B.Pursuant to the Amended and Restated Limited Liability Company Agreement of the Company dated as of January 20, 1999, as amended to date (the “LLC Agreement”), the Company agreed to maintain certain indebtedness (the Required Indebtedness”).
C.The Managing Member of the Company (Lender”) has made a loan to the Company evidenced by a Negotiable Demand Promissory Note in the original principal amount of $3,270,000, dated November 30, 2001 (the Loan”), which Loan is intended to constitute Required Indebtedness.
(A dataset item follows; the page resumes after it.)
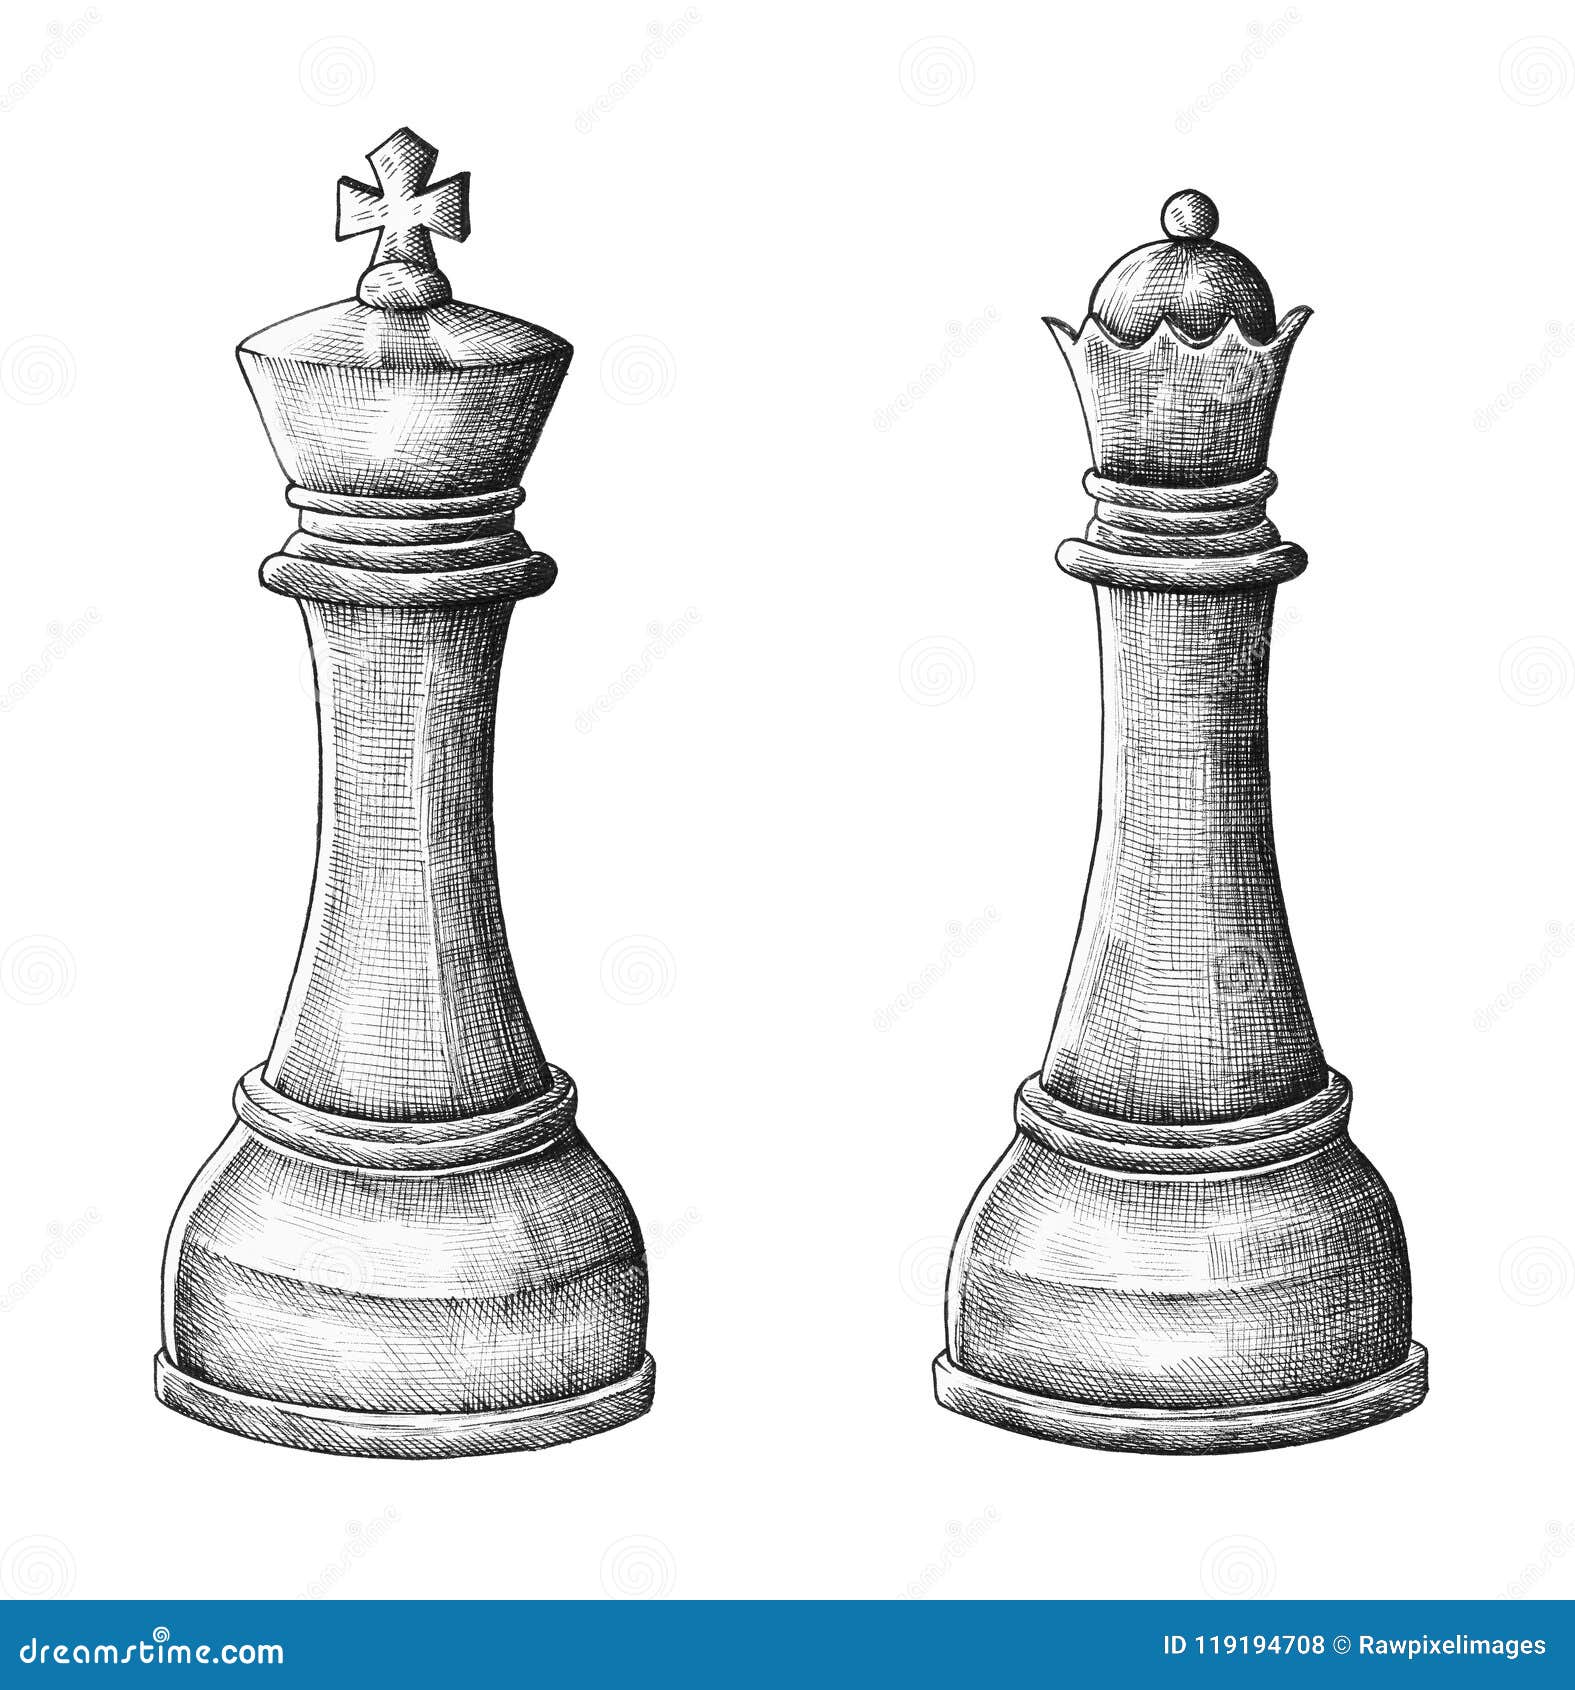 Fotos de Rei rainha xadrez, Imagens de Rei rainha xadrez sem

All of the documents or agreements evidencing or securing or otherwise relating to the Loan shall be referred to herein as the “Loan Documents.”
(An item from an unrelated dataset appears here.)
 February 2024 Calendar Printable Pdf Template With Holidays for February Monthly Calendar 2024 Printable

D.Pursuant to the LLC Agreement, each Reimbursor wishes to agree to pay to or for the benefit of the Lender, and thereby bear the economic risk of loss with respect to, a portion of the Loan if an event of default” as defined in the Loan Documents (Default”) occurs with respect to the Loan and the Lender is otherwise unable to recover that amount from the Company.
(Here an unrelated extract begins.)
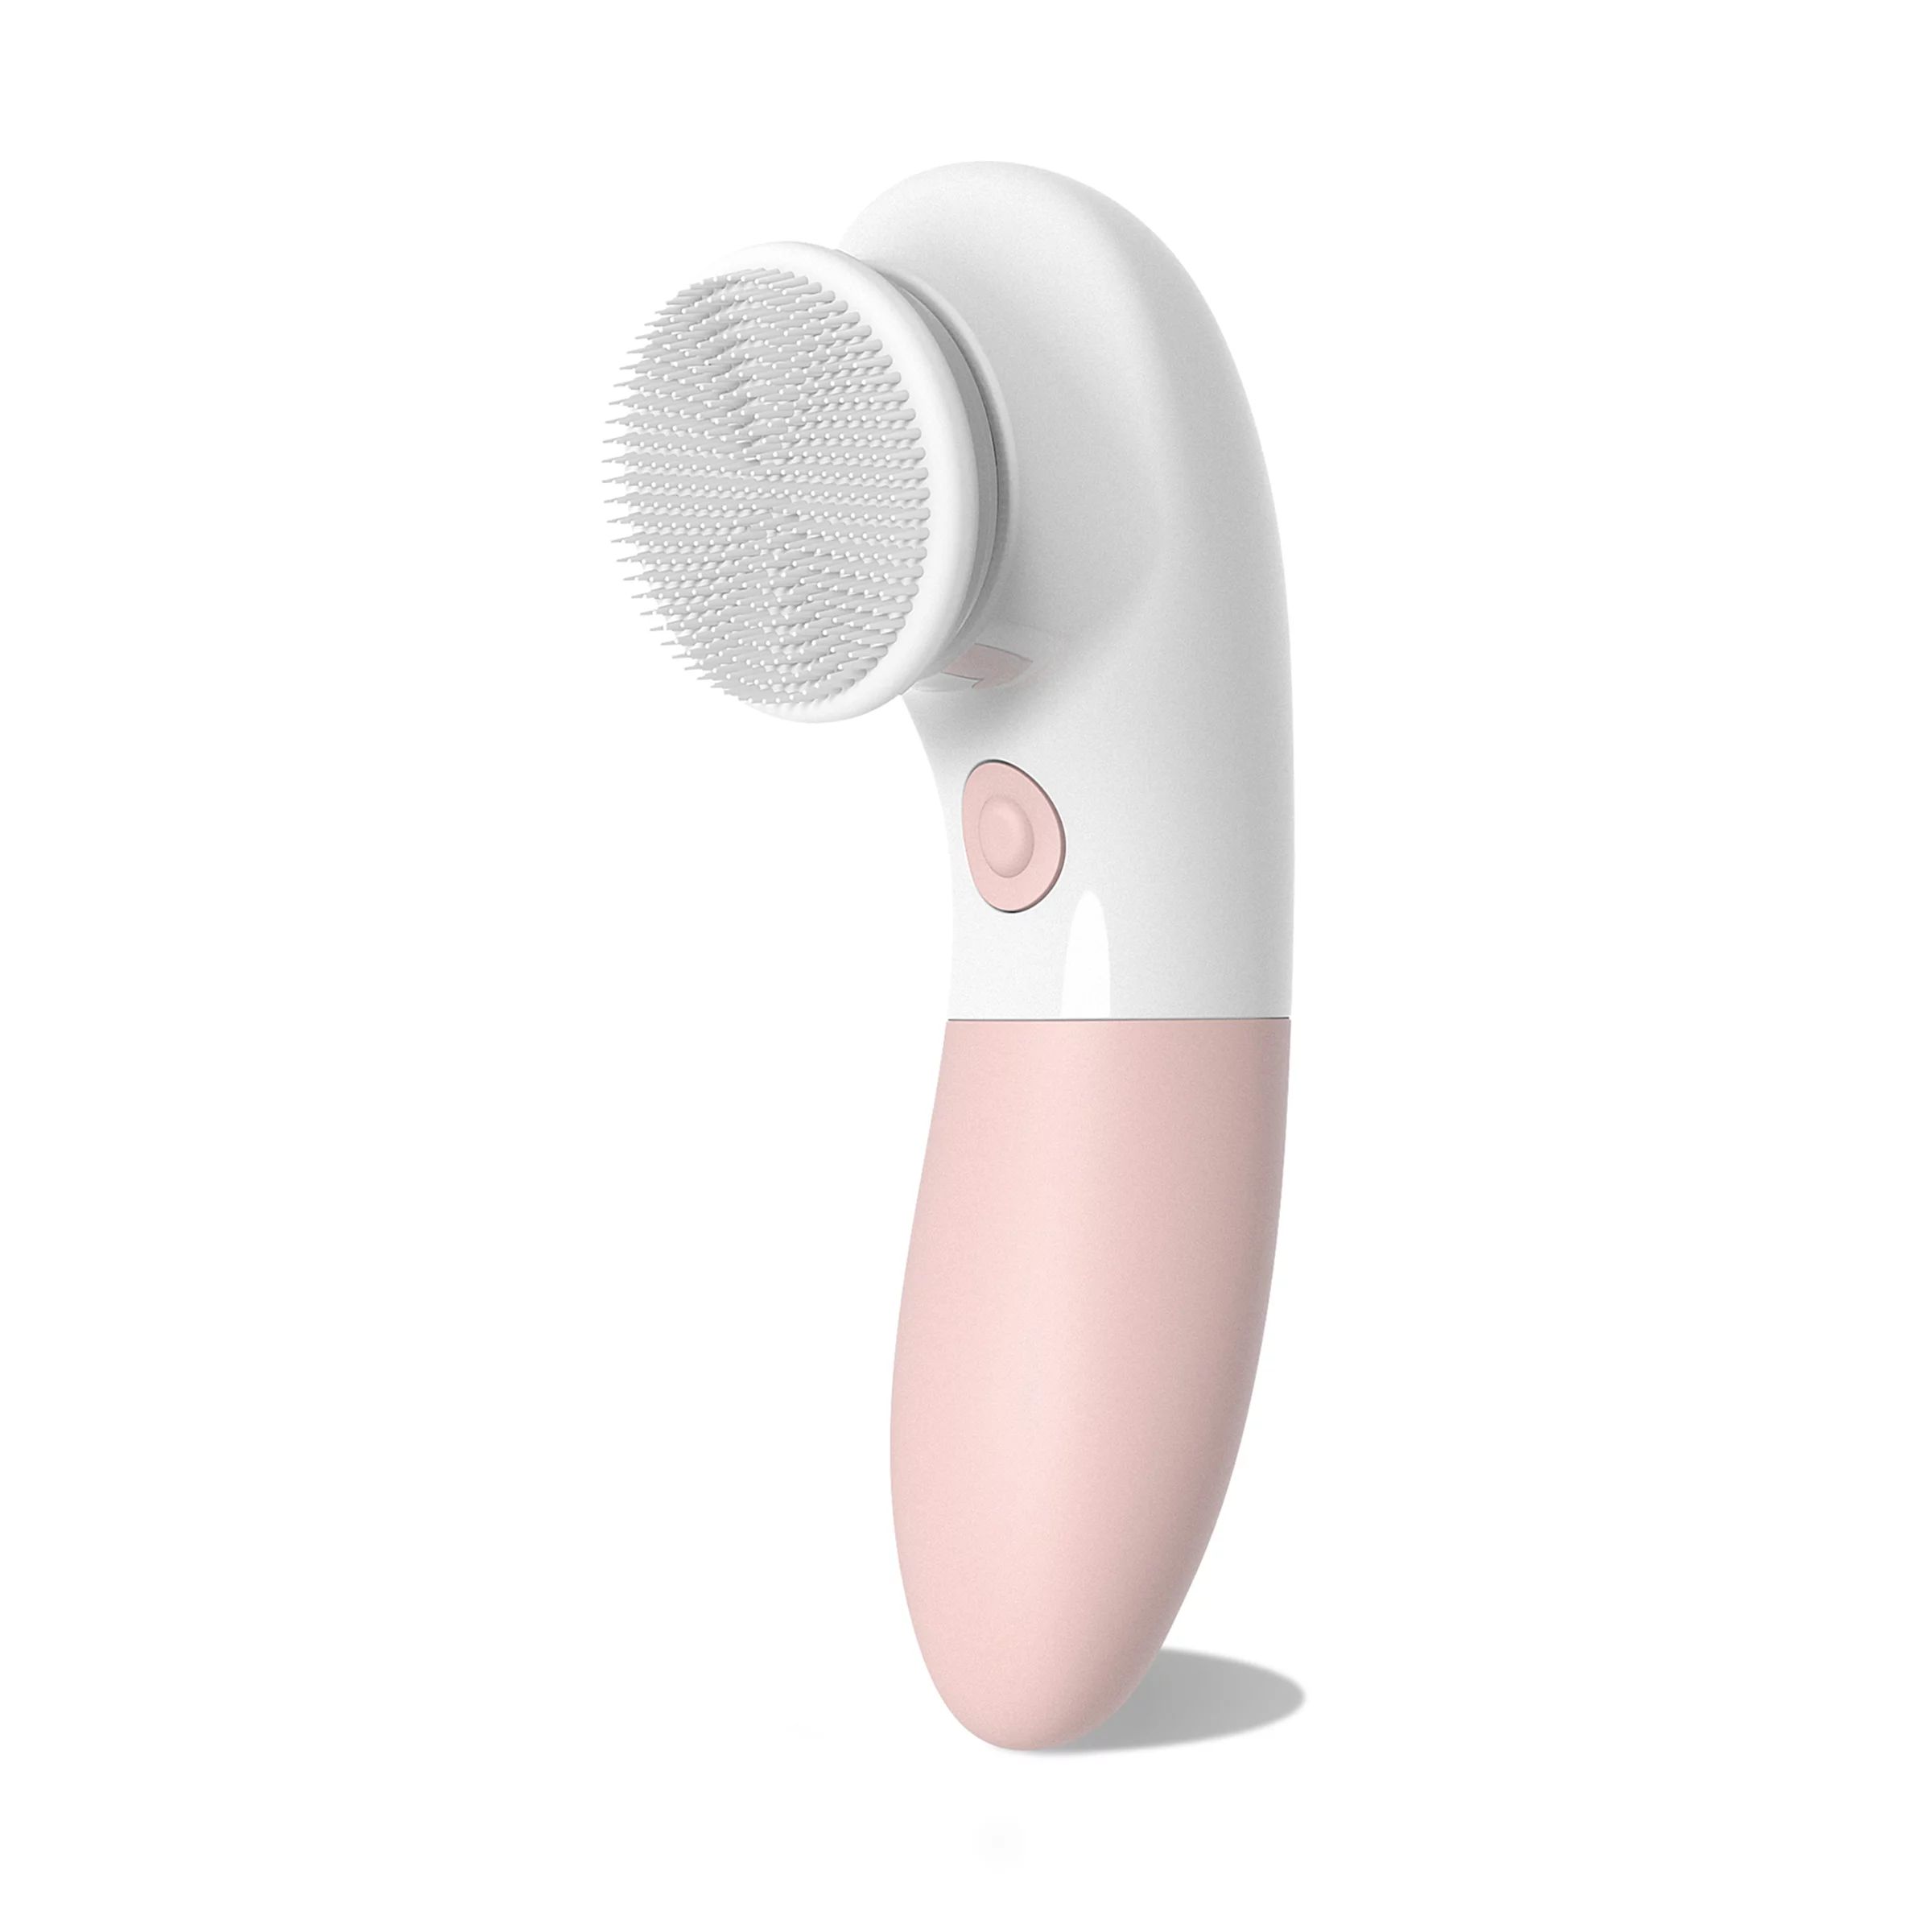 Vanity Planet Raedia Handheld Facial Cleansing Brush with 3 Interchangeable Brush Heads, Pink | Walmart (US)

E.Certain owners of certain of the Reimbursors (the “Owners”) have agreed pursuant to separate Owner Reimbursement Agreements of even date herewith (the Owner Reimbursement Agreements”) to reimburse the Reimbursors in which they hold equity interests for each such Owners designated share of the amount of any payment made by the Reimbursors hereunder.
NOW, THEREFORE, for good and valuable consideration, the receipt and adequacy of which are hereby acknowledged, the Reimbursors and the Company hereby agree as follows:




AGREEMENT
1.Term. Each Reimbursor’s obligations hereunder shall be effective from the date hereof through the termination date applicable to such Reimbursor, which termination date shall be the earlier of: (a) repayment in full of the Loan; (b) October 1, 2010, or such later date as the Reimbursor may irrevocably designate from time to time by written notice given to the Company at least 30 days prior to the date this Agreement would otherwise terminate; or (c) the date which is 90 days after the date that the Reimbursor ceases to own any LLC Units; provided, however, that if at the time a Reimbursor’s obligations hereunder would otherwise terminate the Loan is in Default or an event has occurred which with the passage of time will result in a Default, then this Agreement shall not terminate as to the Reimbursor and the Reimbursor’s obligations hereunder shall continue in full force and effect until such Default is cured under the terms of the Loan Documents and any required reimbursement from Reimbursor is paid in full.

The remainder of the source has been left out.